In pieno clima “ddl Zan”, anche il whisky pretende il rispetto della sua identità di genere. Dunque se un Irish non si sente delicato e piuttosto si sente nerboruto, è giusto che sia così. Accade per esempio con la serie Caskmates di Jameson, in cui il celeberrimo blended viene invecchiato in botti che hanno ospitato birra. In passato due di noi avevano assaggiato (e recensito) la versione in barili di IPA, finendo anche per fare quella cosa oscena che è versare un misurino di whiskey a forma di barilotto in una pinta di birra… Oggi proviamo l’espressione in barili ex Stout Franciscan Well, un birrificio di Cork. Lo abbiamo assaggiato durante il corso di Irish Whiskey del Whisky Club Italia, dove seguiva un Teeling definito “il nuovo livello di whiskey cattivo”. Spietati. Vediamo se sa di “olive, acido e merda” come ricordano amici. Amici nostri, ma non del Jameson Caskmates.

N. e dove cavolo avete messo la stout? Il primo naso è acidino e vibrante, mela verde, ciliegia fresca un po’ acerba, il Nelsen piatti e un ricordo di sciroppo per la tosse. Messa così sembra una schifezza, ma vi assicuriamo che non è così drammatico l’ingresso. Di sicuro è curioso, più che a una stout somiglia molto a una lambic e non ci sappiamo spiegare perché. Non ci sono lambic scure vero? Neanche se ci versate dell’inchiostro? Lime. C’è qualcosa di birra calda irrancidita, o forse una macchia di birra sui vestiti dopo il concerto o sul tappeto del pub.
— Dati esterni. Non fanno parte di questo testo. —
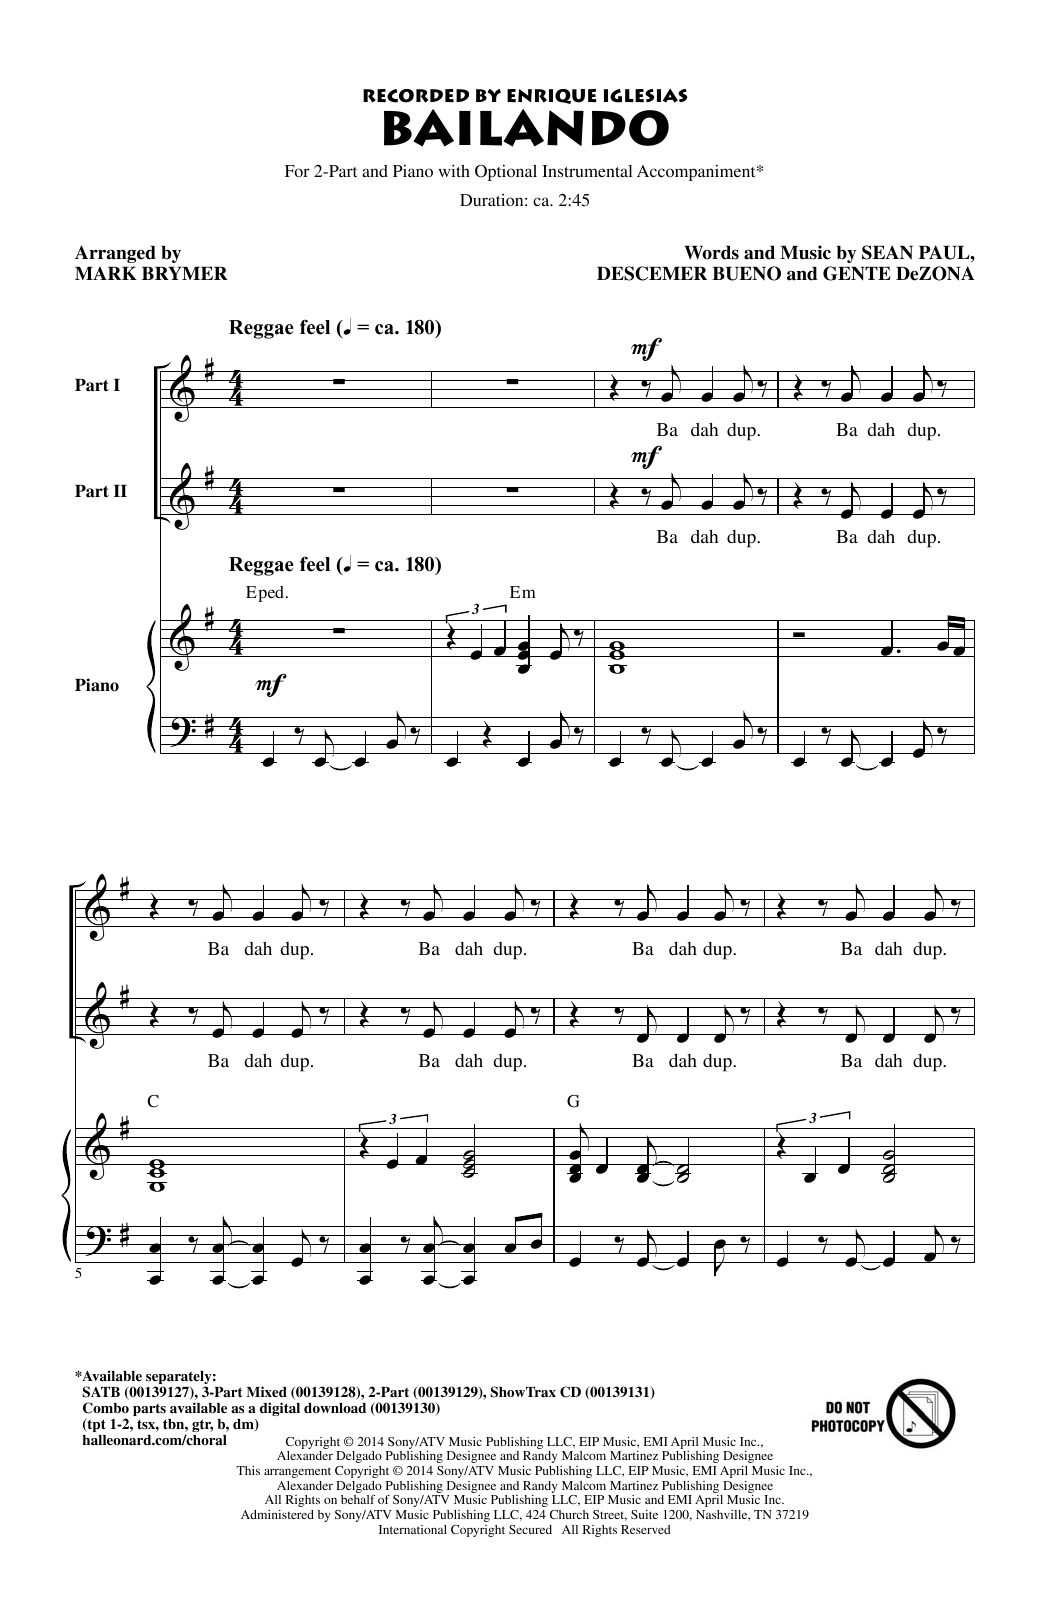 Enrique Iglesias Featuring Descemer Bueno and Gente de Zona Bailando (arr. Mark Brymer) Sheet Music Notes & Chords for SATB Choir - Download or Print PDF

p. è uno di quei casi in cui copieremmo semplicemente le note del naso. Perché al palato è identico: acido, agrume verde, birra sgasata lasciata lì. La differenza sta nella grande dolcezza di caramello che tutto pialla e avvolge e in un tocco di cioccolato o fava tonka che probabilmente è l’unico segno lasciato dalla scomparsa civiltà della Stout. Ah, il corpo attacca debole e poi un filo si tira su.

F. spunta del luppolo, un filo erbaceo. Rimane la dolcezza e poco più. La nostra idiosincrasia floreale ritorna come gli zombie.

Una sorpresa e una delusione insieme. Ci aspettavamo un olocausto di note tostate cioccolatose e caffettose e invece c’è al massimo un’eco di cacao e di luppolo. Il che ci fa piacere. Ma dall’altra parte, qualcosa di più “scuro” ce lo saremmo aspettati. In definitiva un Jameson bevibile e per nulla spaventoso, che poco ha a che fare con Guinness et similia. Quel che meno ci piace paradossalmente è la dolcezza spaventosa che dal palato si protrae nel finale fino a farti venire le carie. 79/100

Sottofondo musicale consigliato: Judas Priest – Paint it black, troppo facile usare l’originale dei Rolling Stones…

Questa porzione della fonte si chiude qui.